Given information:
------------------------------------

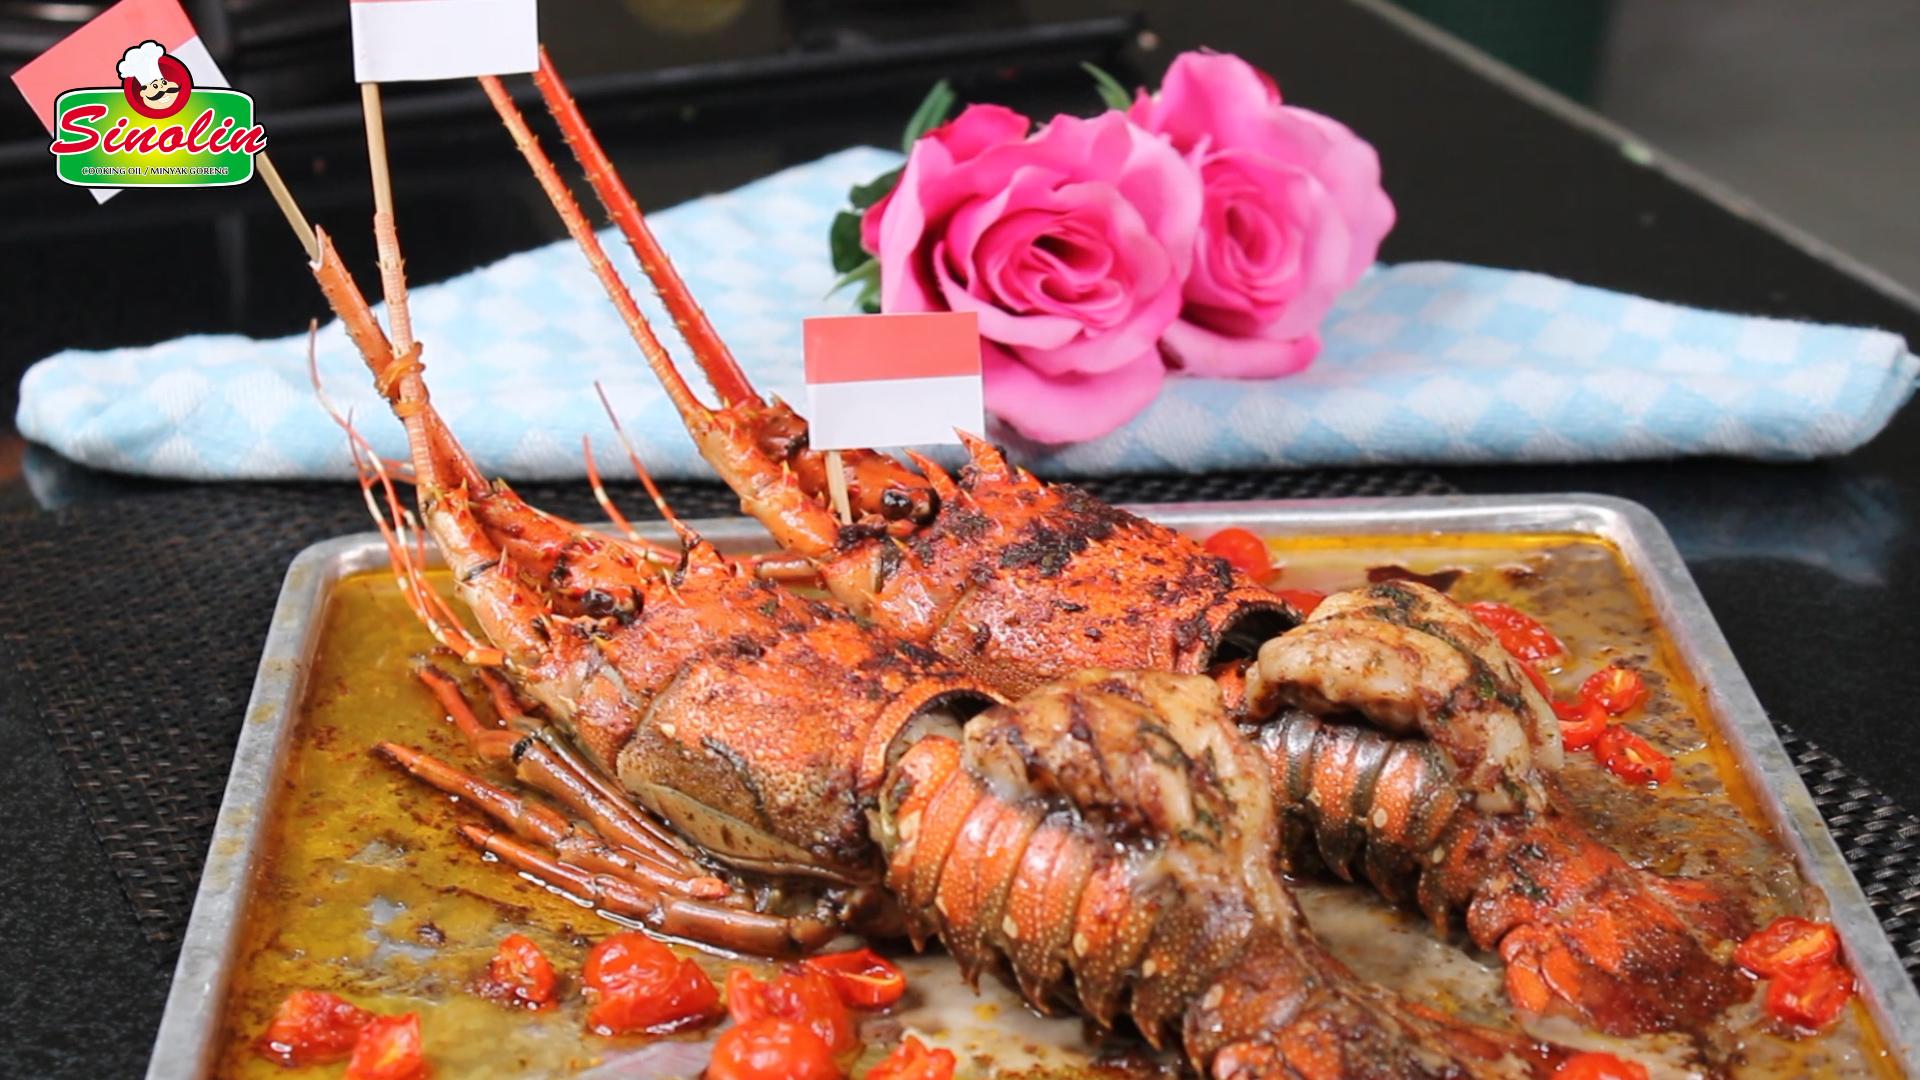 Ekor Lobster Dengan Bawang Putih Mentega Oleh Dapur Sinolin
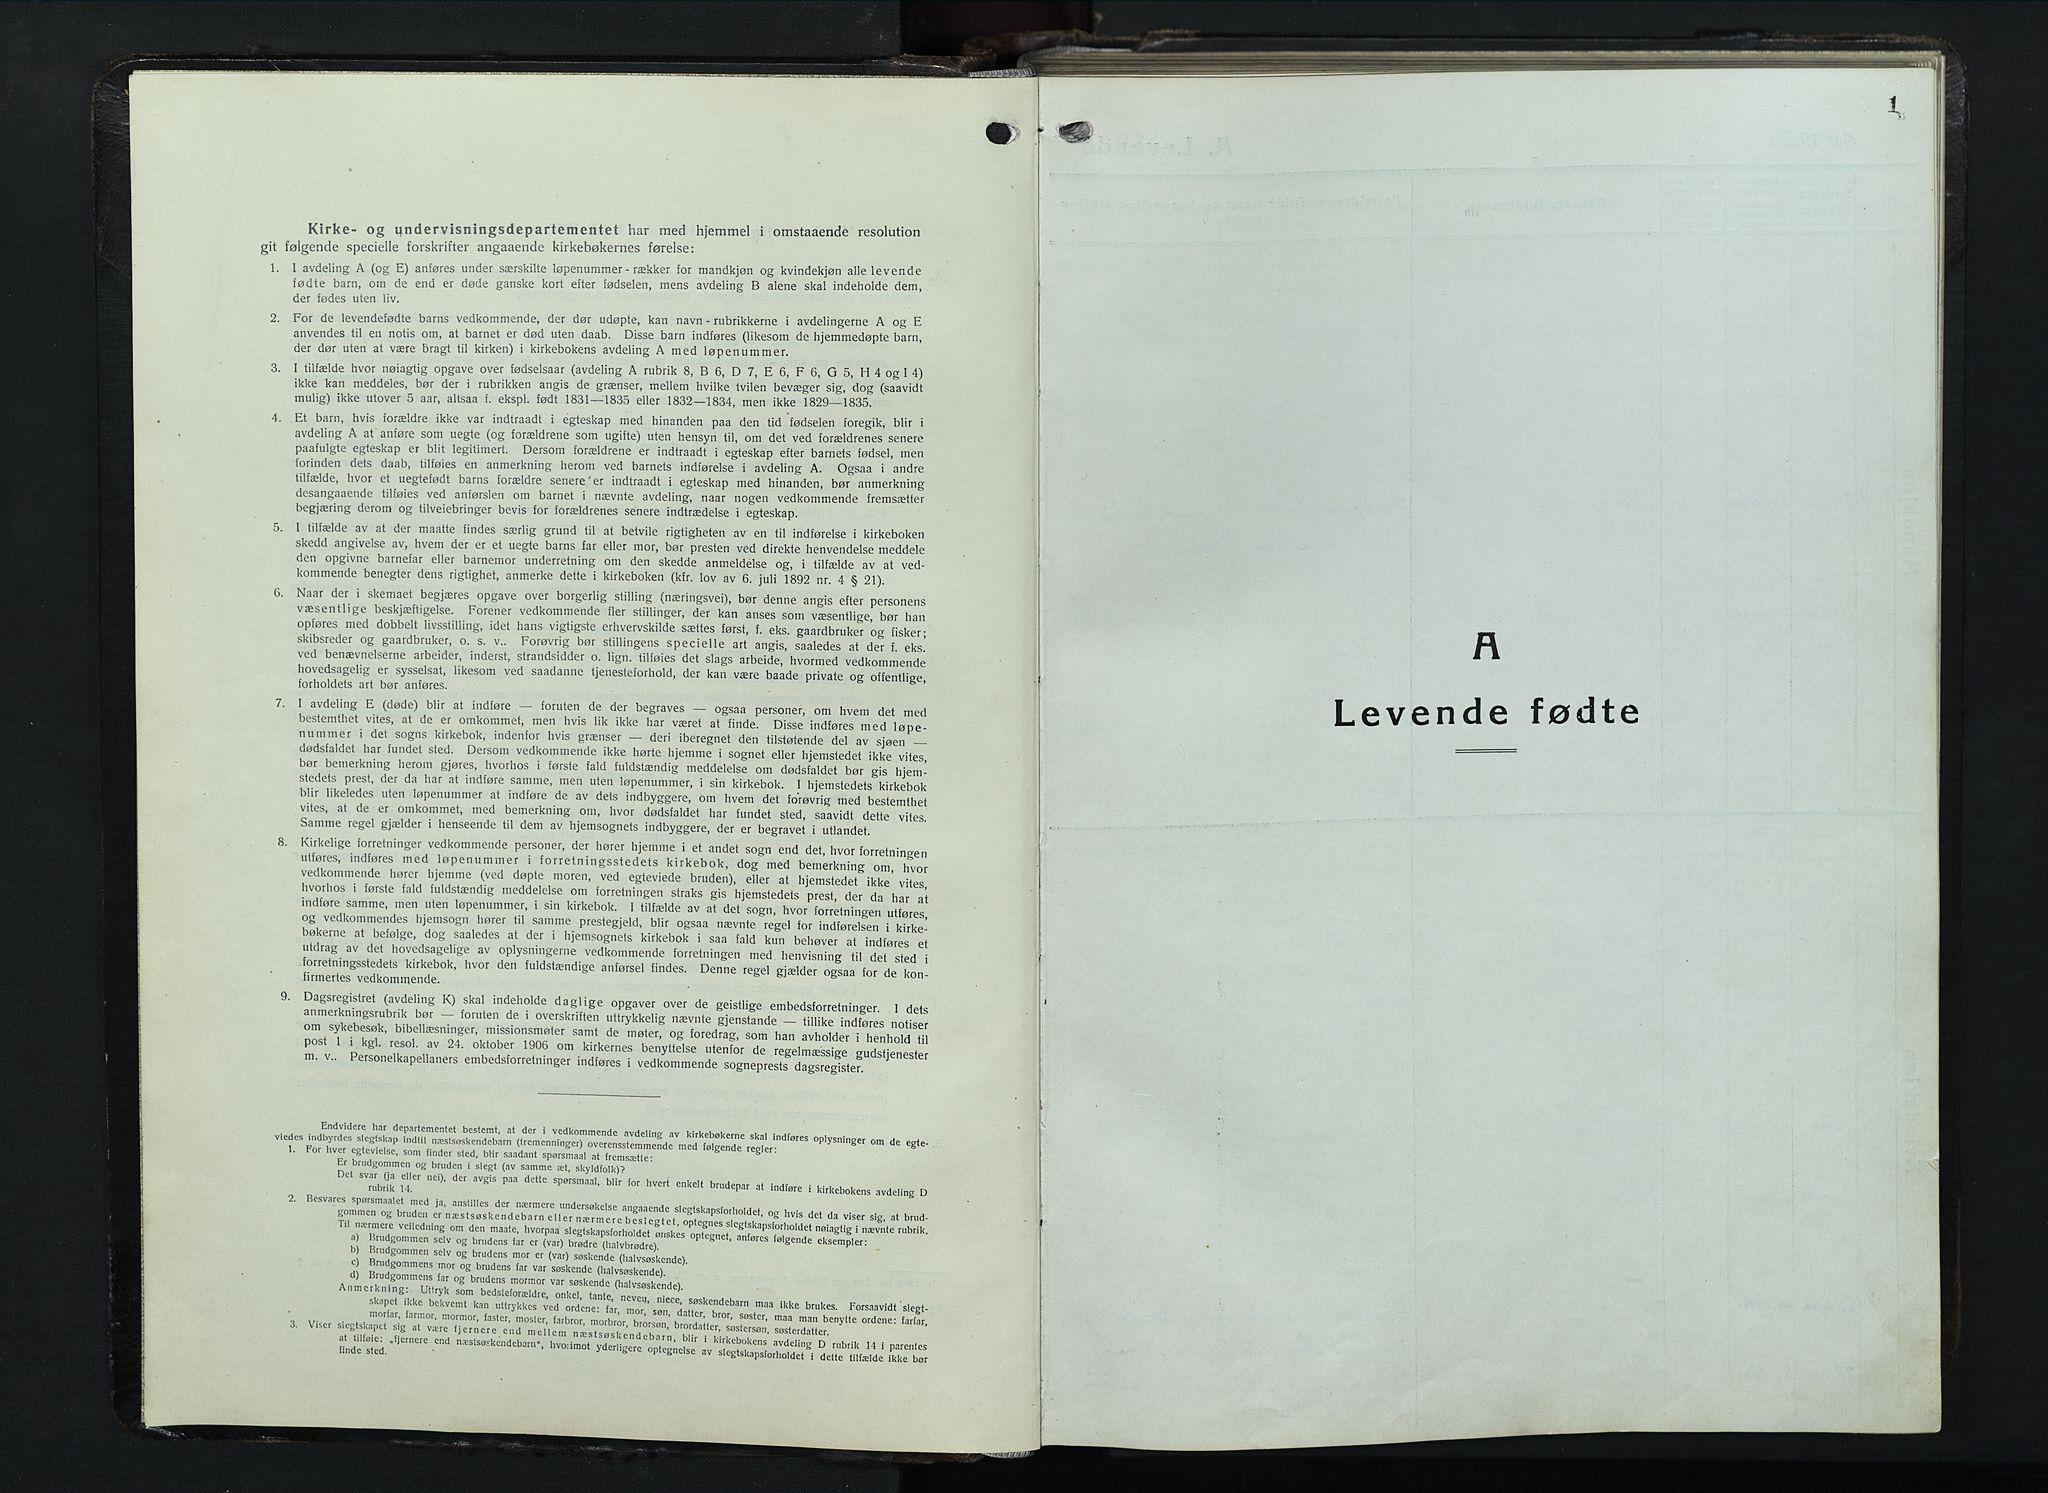 SAH, Balke prestekontor, Klokkerbok nr. 1, 1920-1955, s. 1
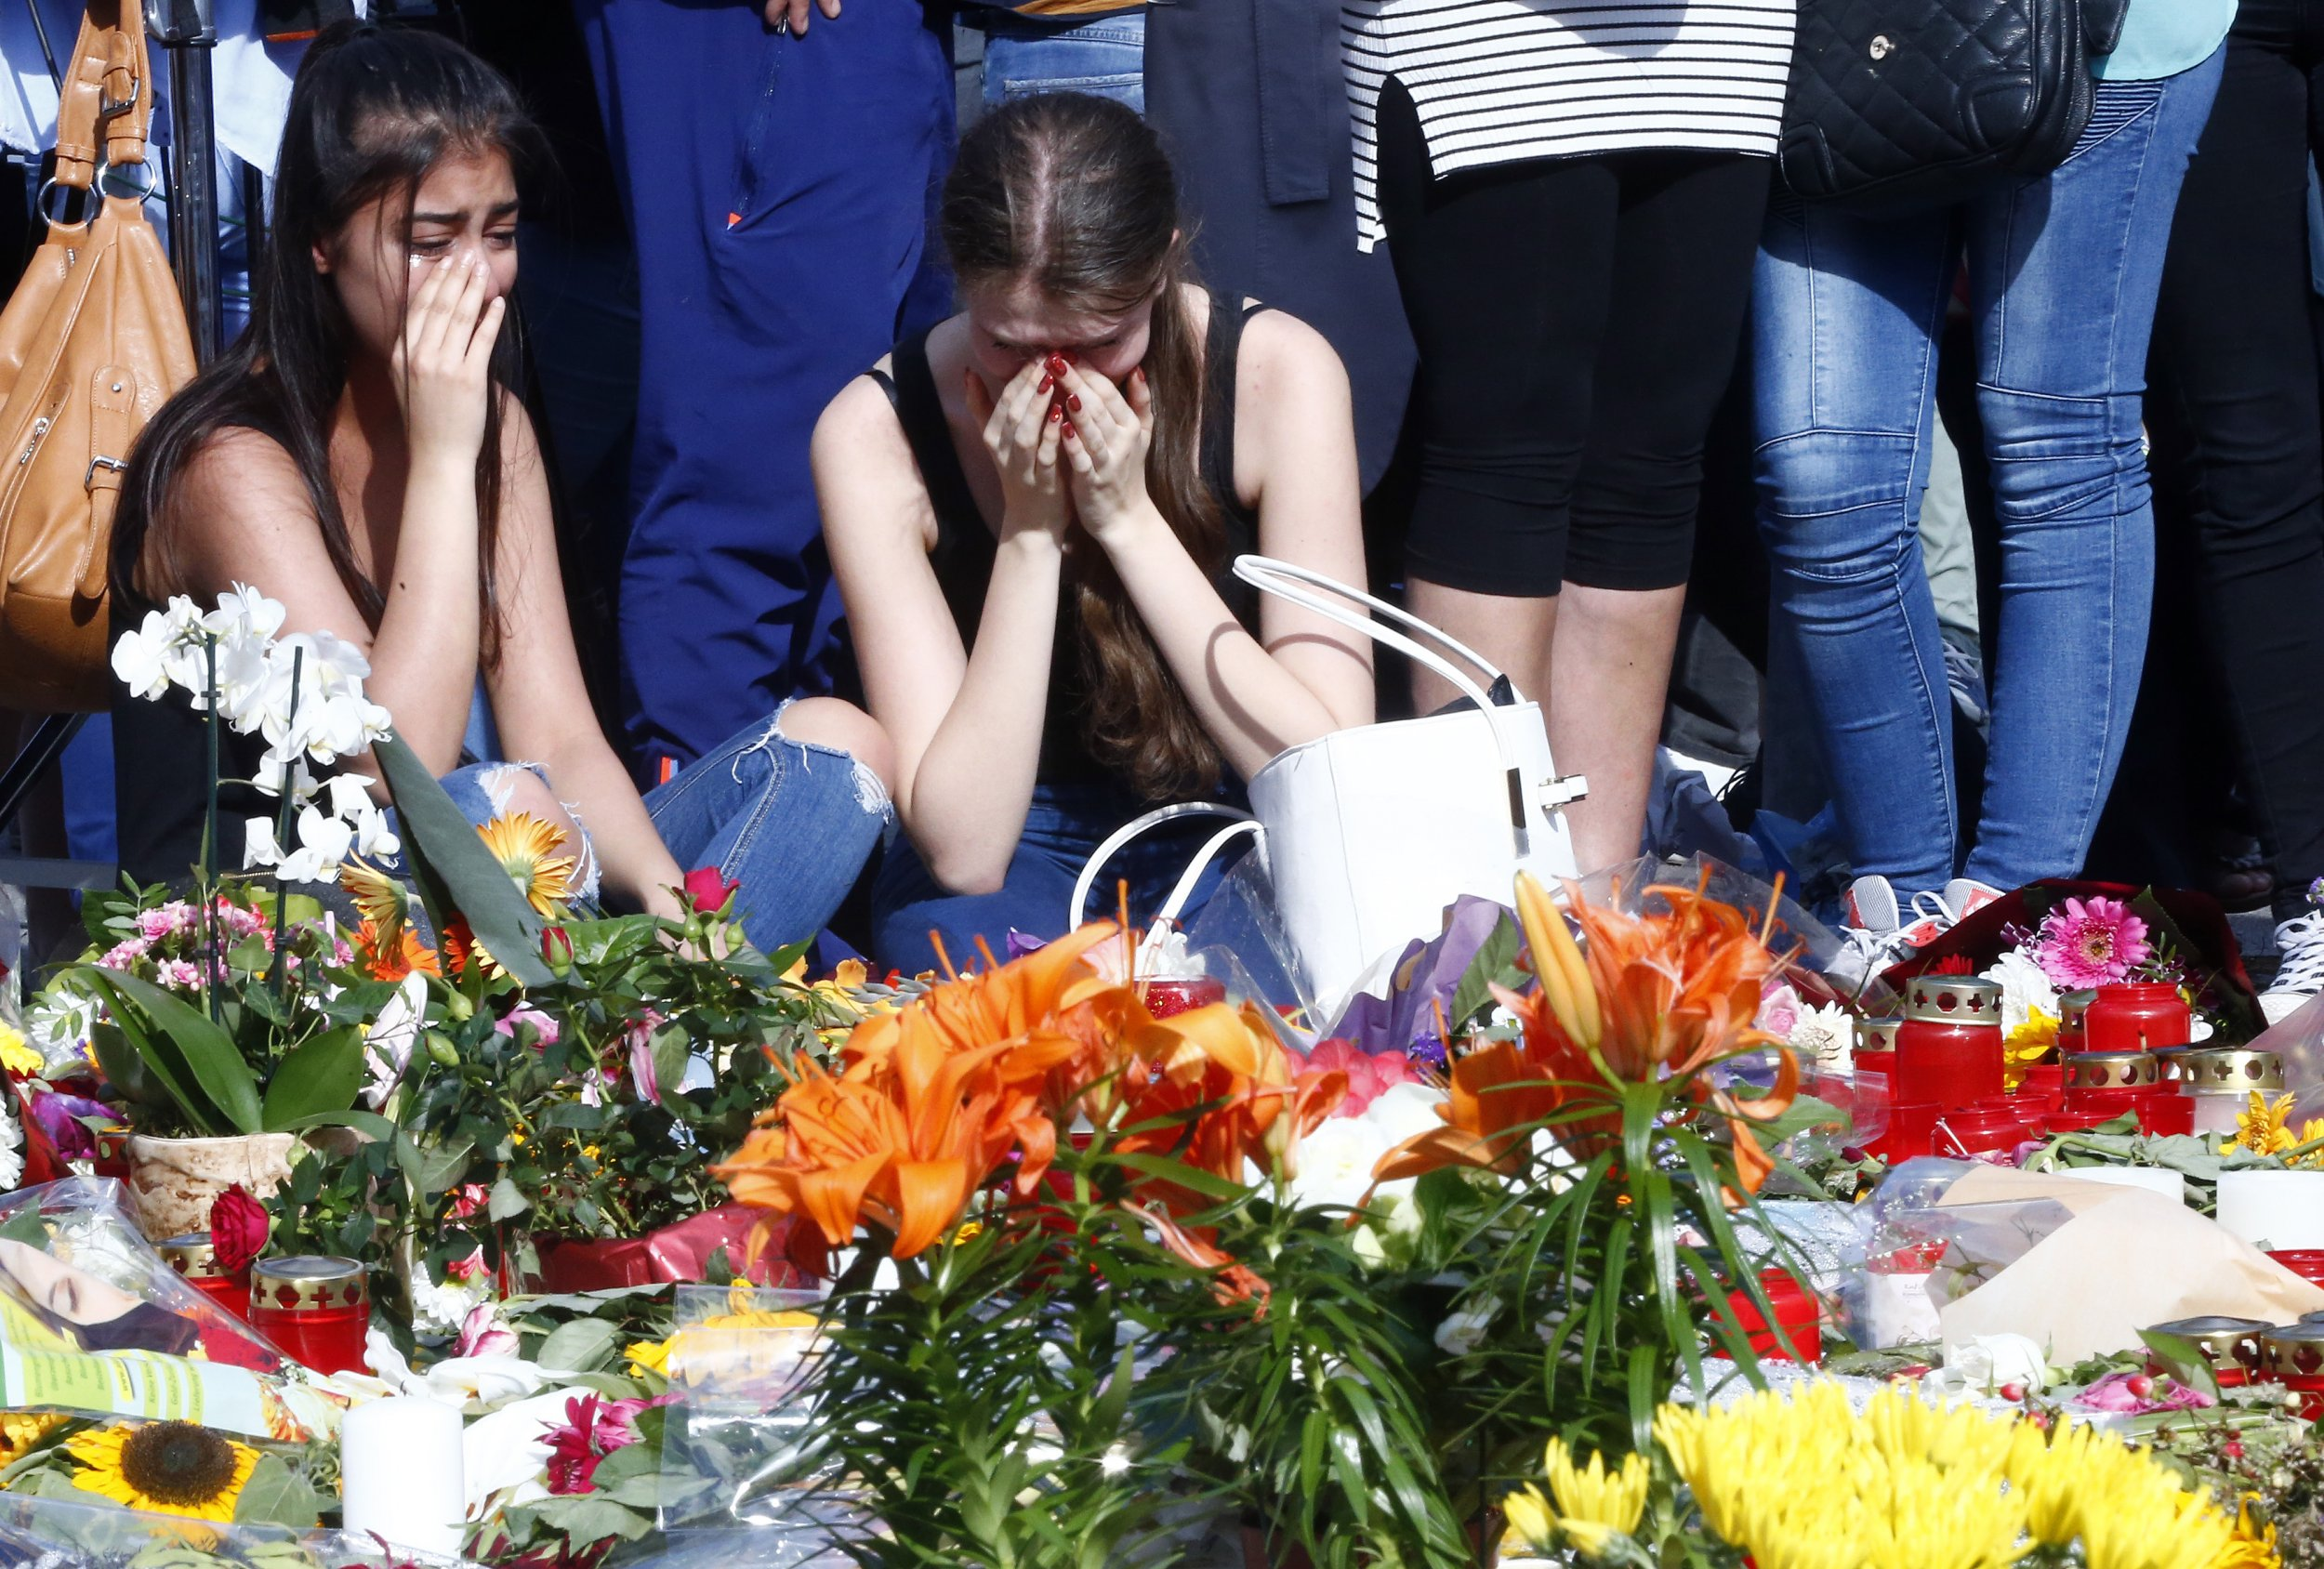 Munich Shooting memorial

------------------------------------

Problem statement: The material should be duplicated word for word, with no images included.

Exercise answer:
 Ekor Lobster Dengan Bawang Putih Mentega Oleh Dapur Sinolin
 SAH, Balke prestekontor, Klokkerbok nr. 1, 1920-1955, s. 1
 Munich Shooting memorial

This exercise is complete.